By adopting a consumption-based pricing model, SaaS businesses can have the agility to provide their products and services according to the unique usage needs of their customer’s at the time. They can also give customers the autonomy to personalize and add on services as usage fluctuates.

3. Enhancing data intelligence

Understanding customer’s usage patterns of a product or service can ultimately fuel data intelligence and provide valuable insights to inform future product innovation. These patterns reveal how customers also change their consumption over time and reveal opportunities to provide new products that might meet those emerging needs.

Furthermore, usage patterns can also be a reliable data input to model future revenue cycles for SaaS businesses, and also identify extenuating factors that impact usage. Whereas with a subscription-based model, it is difficult to understand how much a customer can truly ‘scale-up’ their usage as their consumption is capped within the framework of their current subscription plan.

Therefore a consumption-based pricing model gives SaaS businesses a much more granular picture of usage which could inform new opportunities to enhance products to meet customer’s emerging consumption needs.

4. Improving customer satisfaction

There is nothing worse than the feeling of paying for a subscription each month that you don’t necessarily use. The global pandemic has brought a lot of disillusionment and aversion to subscription plans, as many SaaS customers entered long subscription contracts pre-pandemic that they never ended up using, due to having to pivot and drive a different business model in the market.

This disillusionment impacts a customer’s perception of product value and ultimately leads to dissatisfaction and a cancelled subscription.

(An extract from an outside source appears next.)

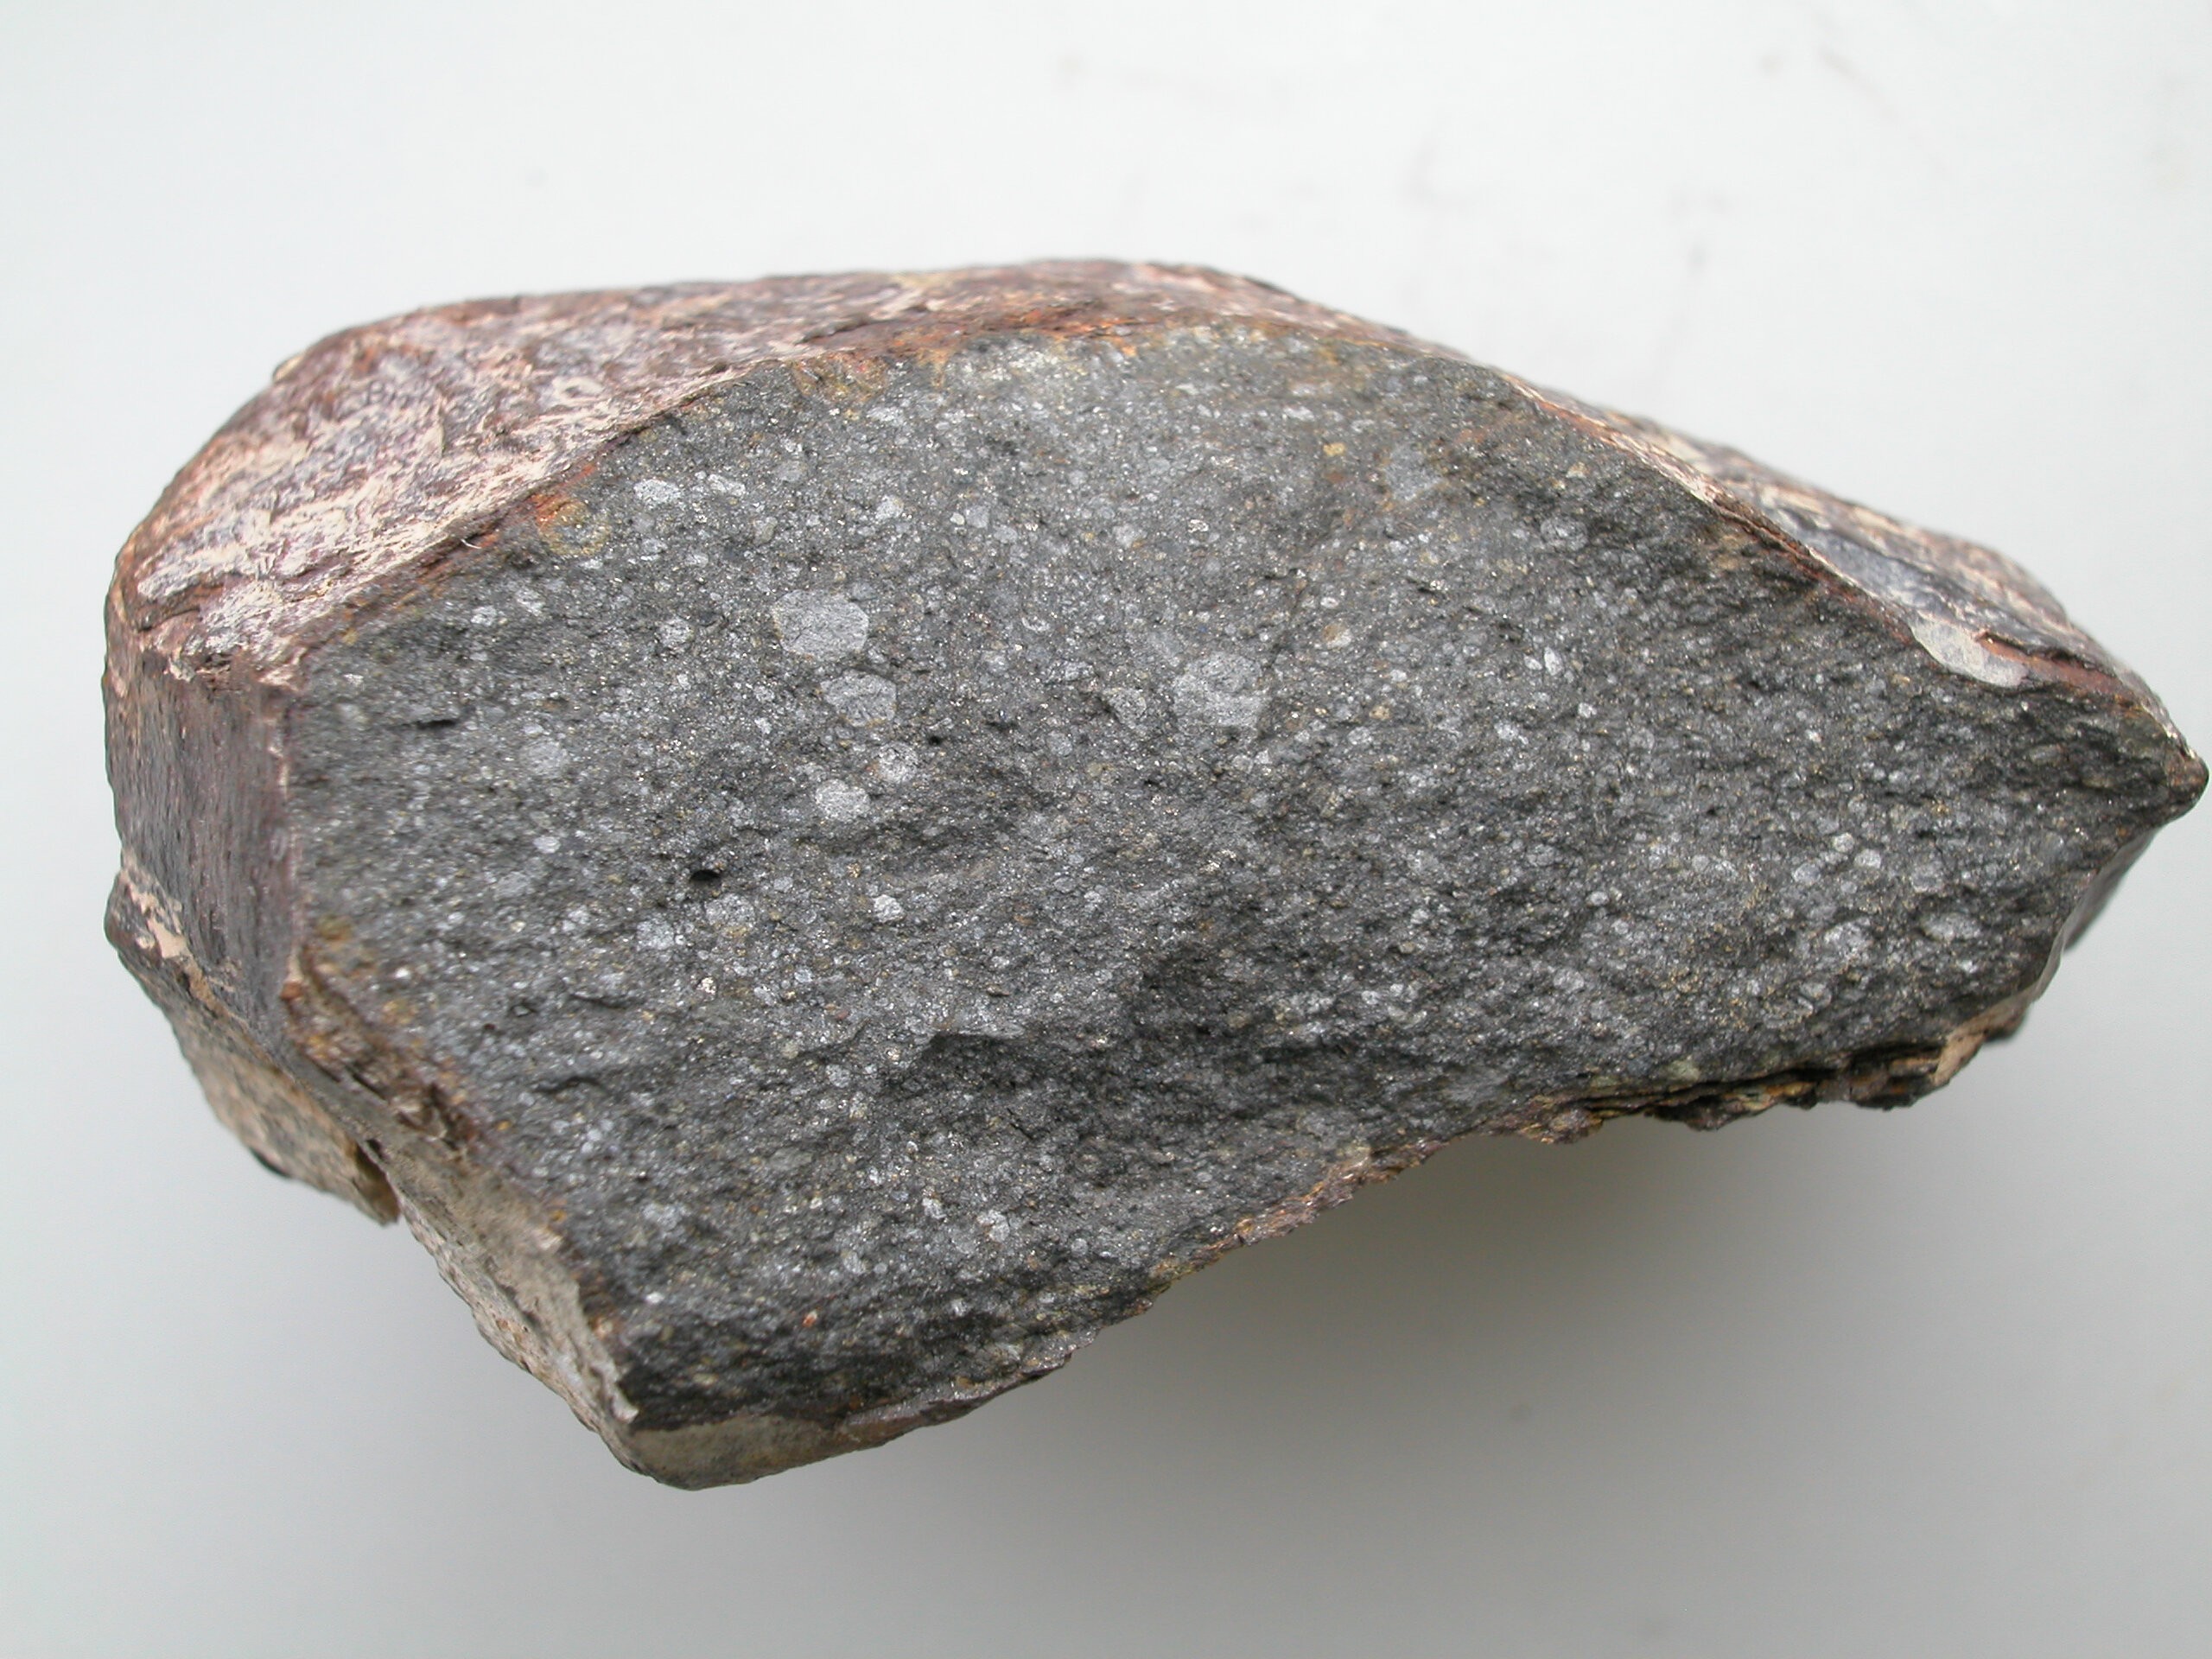 Meteorito sugere nova explicação para existência de água na Terra. Acima: pedaço do meteorito Sahara 97096, com cerca de 10 centímetros de comprimento e 0,5% de seu peso em água (Foto: L. Piani, Museum of Natural History in Paris)

Contrary to this, if customers can be offered a pricing plan that is suited to their consumption needs at the time, they are going to feel a lot more satisfied that they are getting the most out of their product experience and that it is complementing their own unique business journey. Yes, this may mean that building revenue with this SaaS customer is a slower burn. However, in the long run, greater satisfaction will lead to increased customer retention and more sustainable revenue growth.

5. Driving product ROI

Not all customers need all of the bells and whistles that a SaaS business might have to offer in their subscription plans. Therefore a SaaS business might end up ‘giving away’ certain product benefits and features that ultimately never get used by the customer, leading to resource and overhead waste which can then negatively impact product return on investment.

Let’s say for example that a customer is given five hours of training support per month within a particular subscription plan. They may use that training for the first few months, but then appetite may decrease over time as their team becomes more savvy with their SaaS platform.

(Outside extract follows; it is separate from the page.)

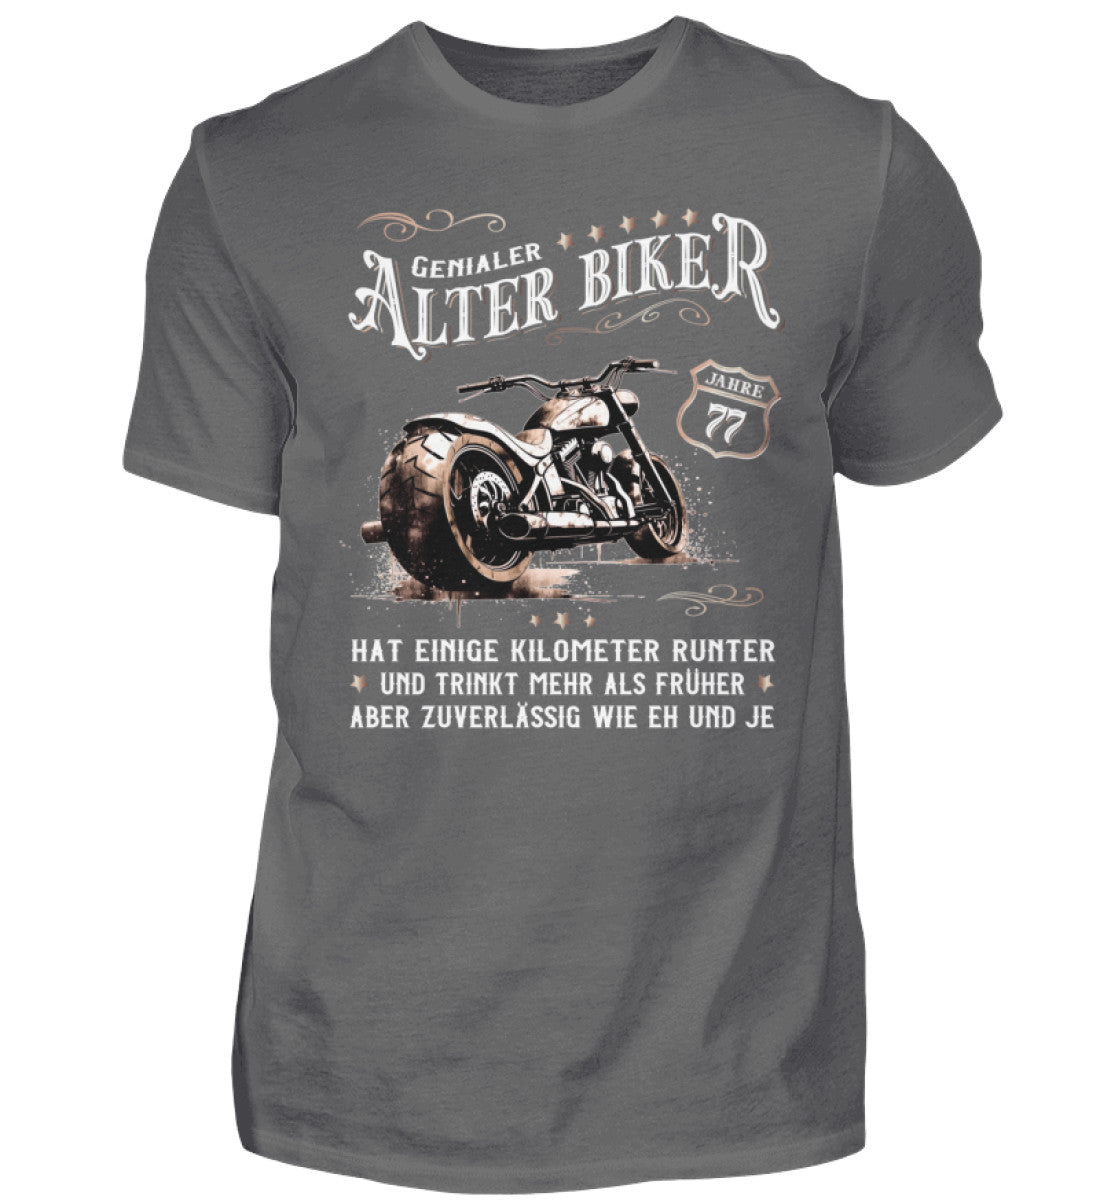 Ein Biker T-Shirt zum Geburtstag für Motorradfahrer von Wingbikers mit dem Aufdruck, Alter Biker - 77 Jahre - Einige Kilometer runter, trinkt mehr - aber zuverlässig wie eh und je - in grau.

In this case, the business may still incur the cost of having to hire staff to cover those training hours which would go to waste. This then results in impacting the associated product cost for the SaaS provider. Through giving customers the autonomy to choose exactly what products and services they require and consuming as they go, supply is in sync with demand. It leads to less overhead and resource wastage and yields a greater product return on investment.

Getting started with consumption-based pricing

While we’ve discussed the factors of why a consumption-based pricing strategy is compelling for SaaS businesses, implementing the strategy requires robust operational business processes in order to ensure the strategy can be executed with precision.

Through using an advanced revenue management and billing software platform like OneBill, SaaS businesses can easily configure products attached to various usage metrics, ensure that customer usage is accurately rated, accurately calculate invoice amounts based on that usage and ensure the revenue from that usage is captured.

By JK Chelladurai

JK Chelladurai is the founder & CEO of OneBill, a Silicon Valley Company, with a Global presence across four continents and 14 different industries, that builds end-to-end billing and revenue management software platforms. He was one of the founding team members of Portal Software which was acquired by Oracle in 2006.